■ WHAT IS REQUIRED
The answer must consist solely of the lines below starting at the one containing "Workers Sanitise The" and ending at the one containing "Noon East 2", repeated exactly, with both ends included and all pictures omitted.

■ TASK INPUTS
--- START ---

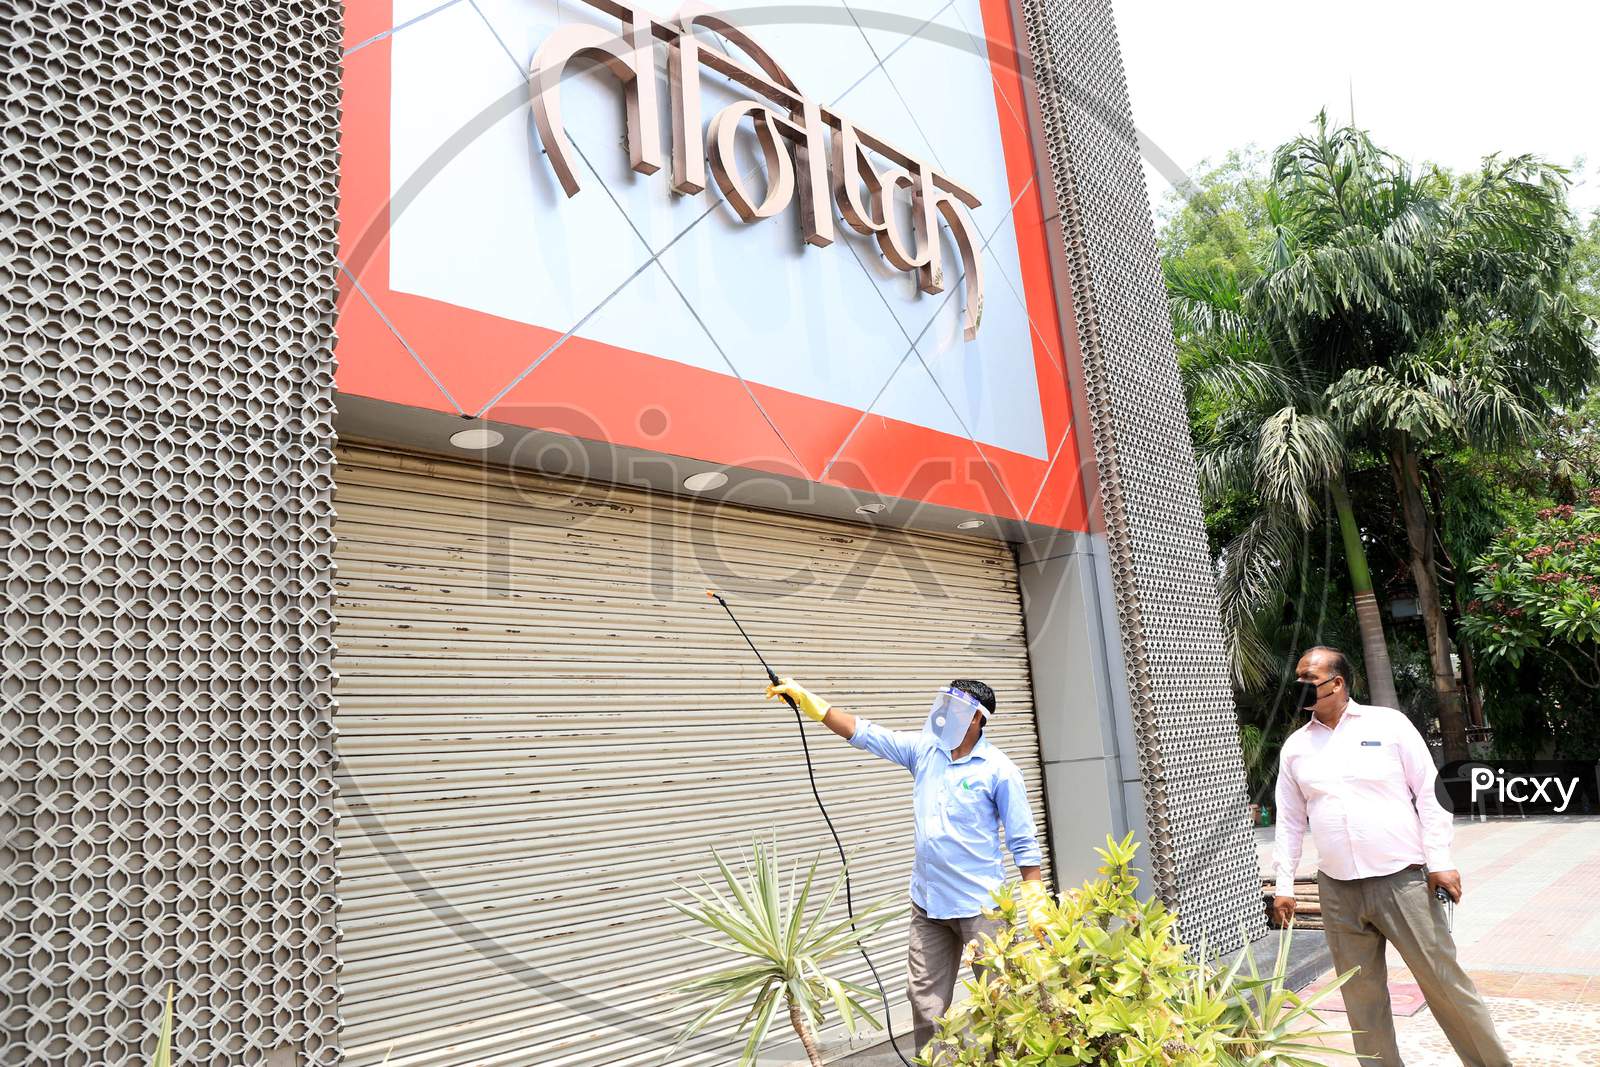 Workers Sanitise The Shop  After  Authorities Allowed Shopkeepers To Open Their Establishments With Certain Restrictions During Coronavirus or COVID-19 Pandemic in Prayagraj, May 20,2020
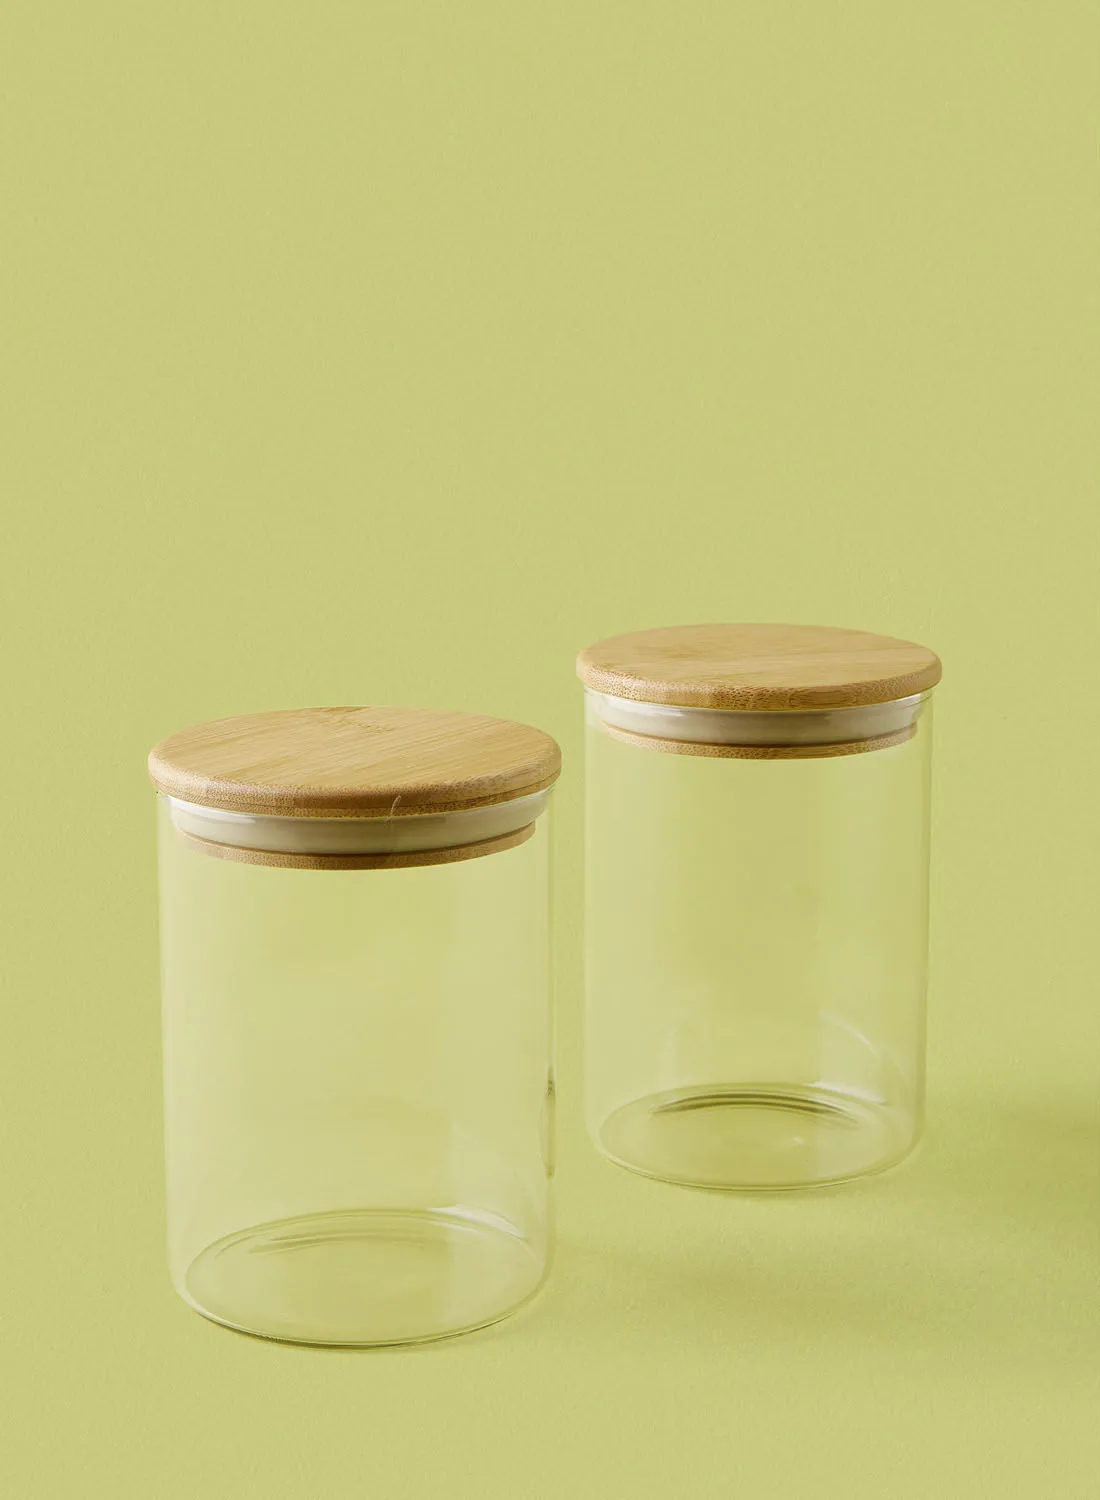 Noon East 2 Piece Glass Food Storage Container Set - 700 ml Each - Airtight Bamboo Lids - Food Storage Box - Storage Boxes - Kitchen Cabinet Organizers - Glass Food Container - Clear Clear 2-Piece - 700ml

--- END ---
--- START ---

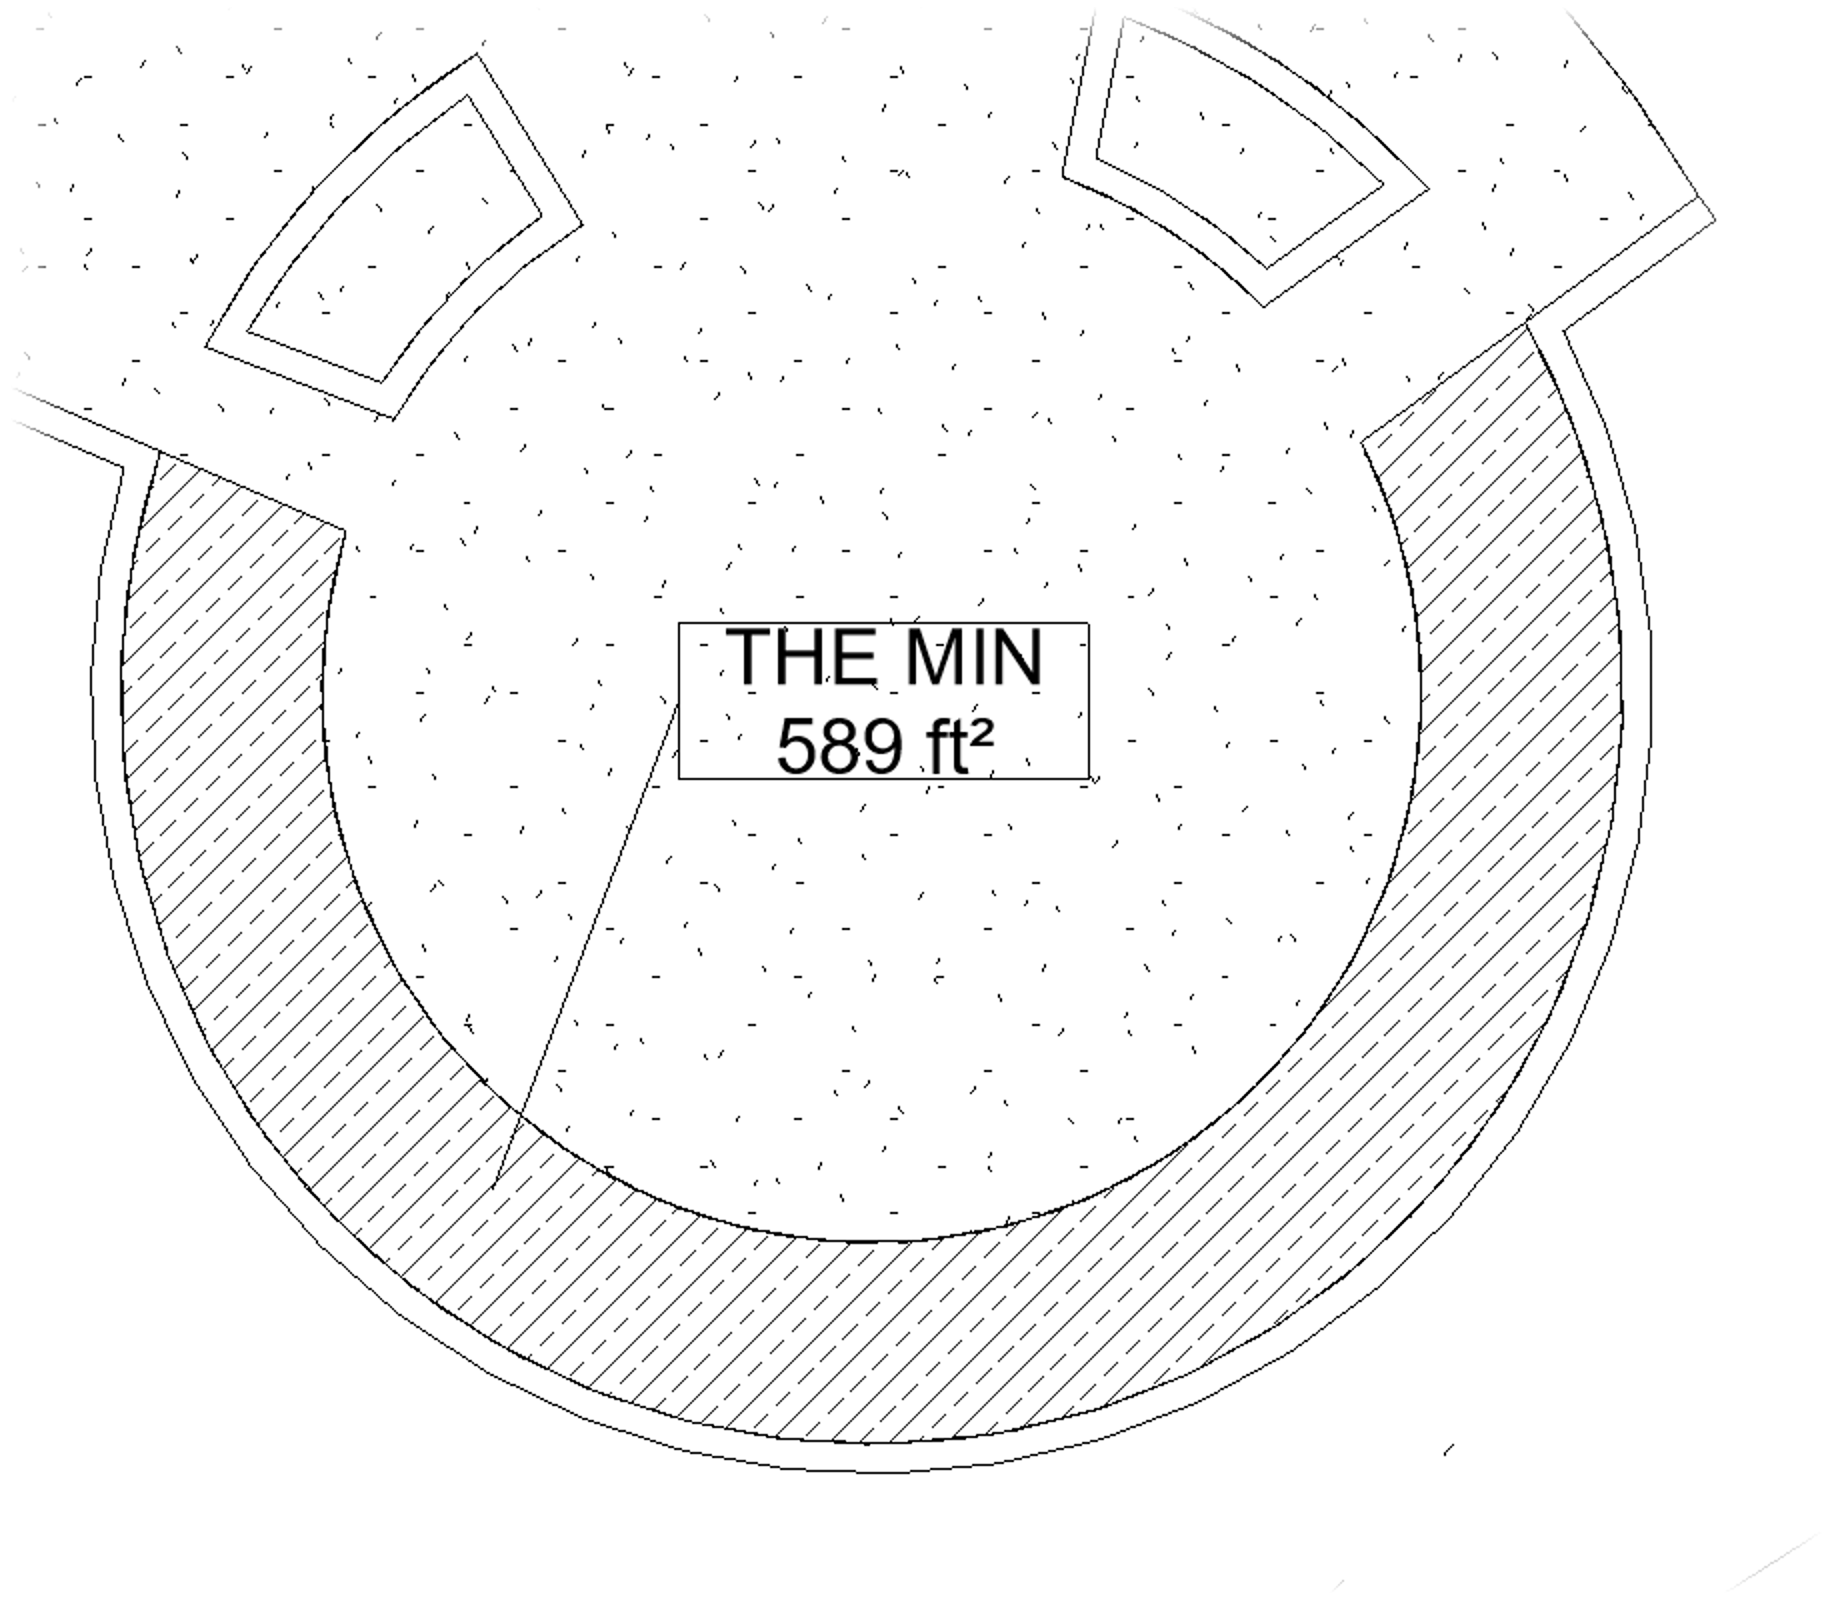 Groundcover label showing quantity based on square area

--- END ---

■ WORKED SOLUTION
 Workers Sanitise The Shop  After  Authorities Allowed Shopkeepers To Open Their Establishments With Certain Restrictions During Coronavirus or COVID-19 Pandemic in Prayagraj, May 20,2020
 Noon East 2 Piece Glass Food Storage Container Set - 700 ml Each - Airtight Bamboo Lids - Food Storage Box - Storage Boxes - Kitchen Cabinet Organizers - Glass Food Container - Clear Clear 2-Piece - 700ml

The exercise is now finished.